The linuxserver/wireguard image runs a WireGuard server in a container and auto-generates a
config (and QR) for each peer you name — no manual key juggling.
docker-compose.yml
services:
wireguard:
image: lscr.io/linuxserver/wireguard:latest
container_name: wireguard
cap_add:
- NET_ADMIN
environment:
- PUID=1000
- PGID=1000
- TZ=Etc/UTC
- SERVERURL=auto # or your DDNS hostname, e.g. vpn.example.com
- SERVERPORT=51820
- PEERS=laptop,phone # names (or a number like 3)
- PEERDNS=auto
- INTERNAL_SUBNET=10.13.13.0
- ALLOWEDIPS=0.0.0.0/0 # full tunnel; use subnets for split tunnel
ports:
- "51820:51820/udp"
volumes:
- ./config:/config
sysctls:
- net.ipv4.conf.all.src_valid_mark=1
restart: unless-stopped
Bring it up
docker compose up -d
docker compose logs -f wireguard
Get a peer’s config and QR
Generated files land in ./config/peer_laptop/. To print a QR in the terminal:
docker exec wireguard /app/show-peer laptop
Scan it in the WireGuard app, or copy ./config/peer_laptop/peer_laptop.conf to a desktop client.
Add a peer later
Edit PEERS (add the new name) and recreate the container:
docker compose up -d --force-recreate
Alternative: wg-easy (web UI)
If you’d rather click than edit YAML, ghcr.io/wg-easy/wg-easy gives a web admin panel to add
peers and show QR codes.

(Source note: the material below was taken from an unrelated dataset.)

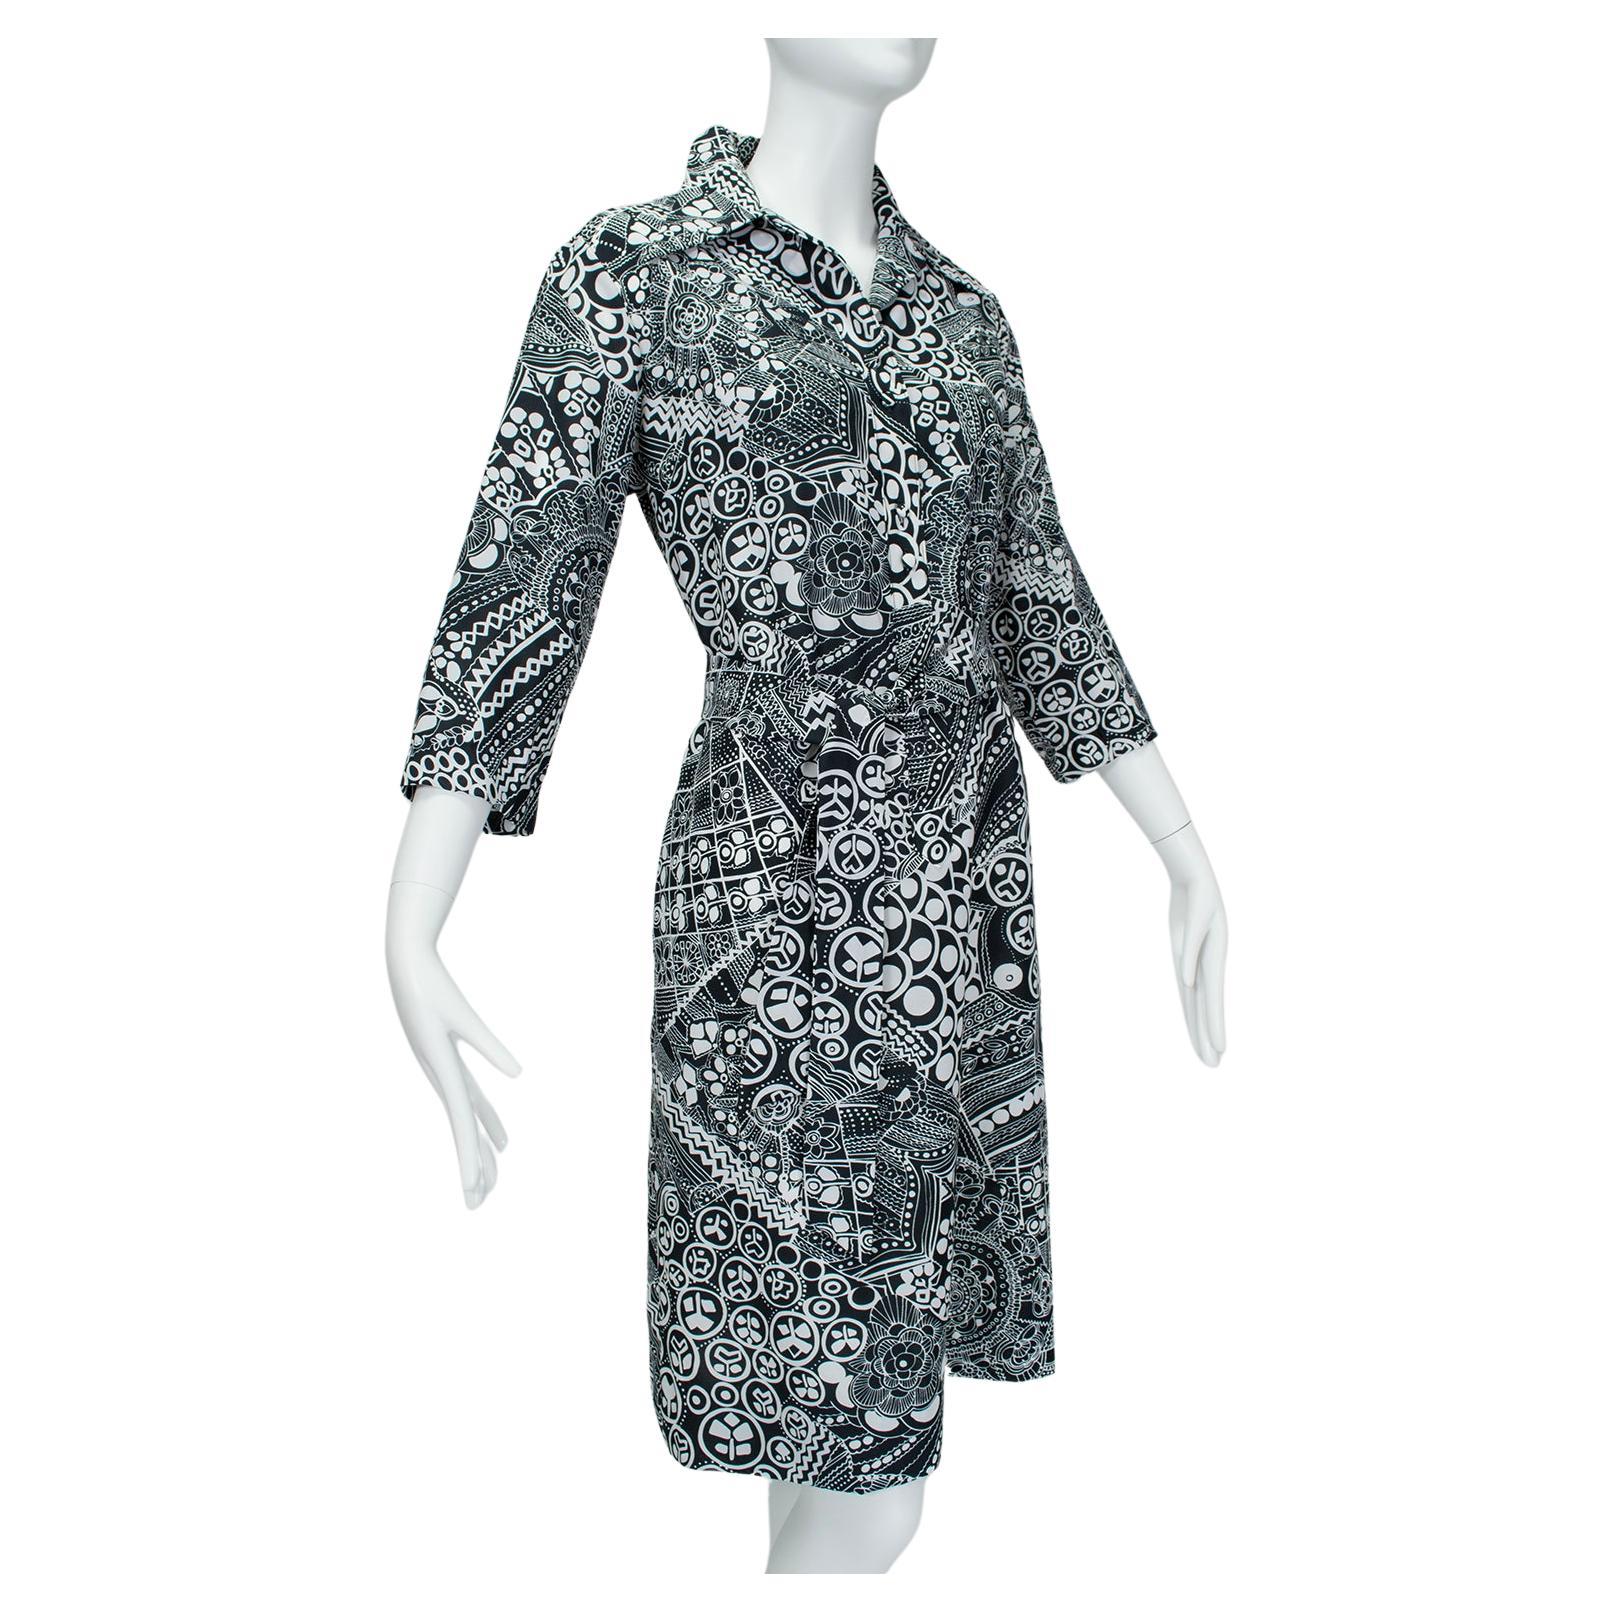 Lanvin Black and White Pop Art Belted Shirtwaist Dress - M-L, 1970s For Sale

Map its UI port and WireGuard’s UDP port, set WG_HOST to your public
hostname, and follow its current README for the password/auth variable (it changes between
versions).
Verify
docker exec wireguard wg show # recent handshake once a client connects
Host needs UDP 51820 open (firewall / cloud security group / router port-forward) and the
WireGuard kernel module available — modern kernels include it. SERVERURL=auto tries to detect
your public IP; set it explicitly to a DDNS name if detection is wrong or your IP changes.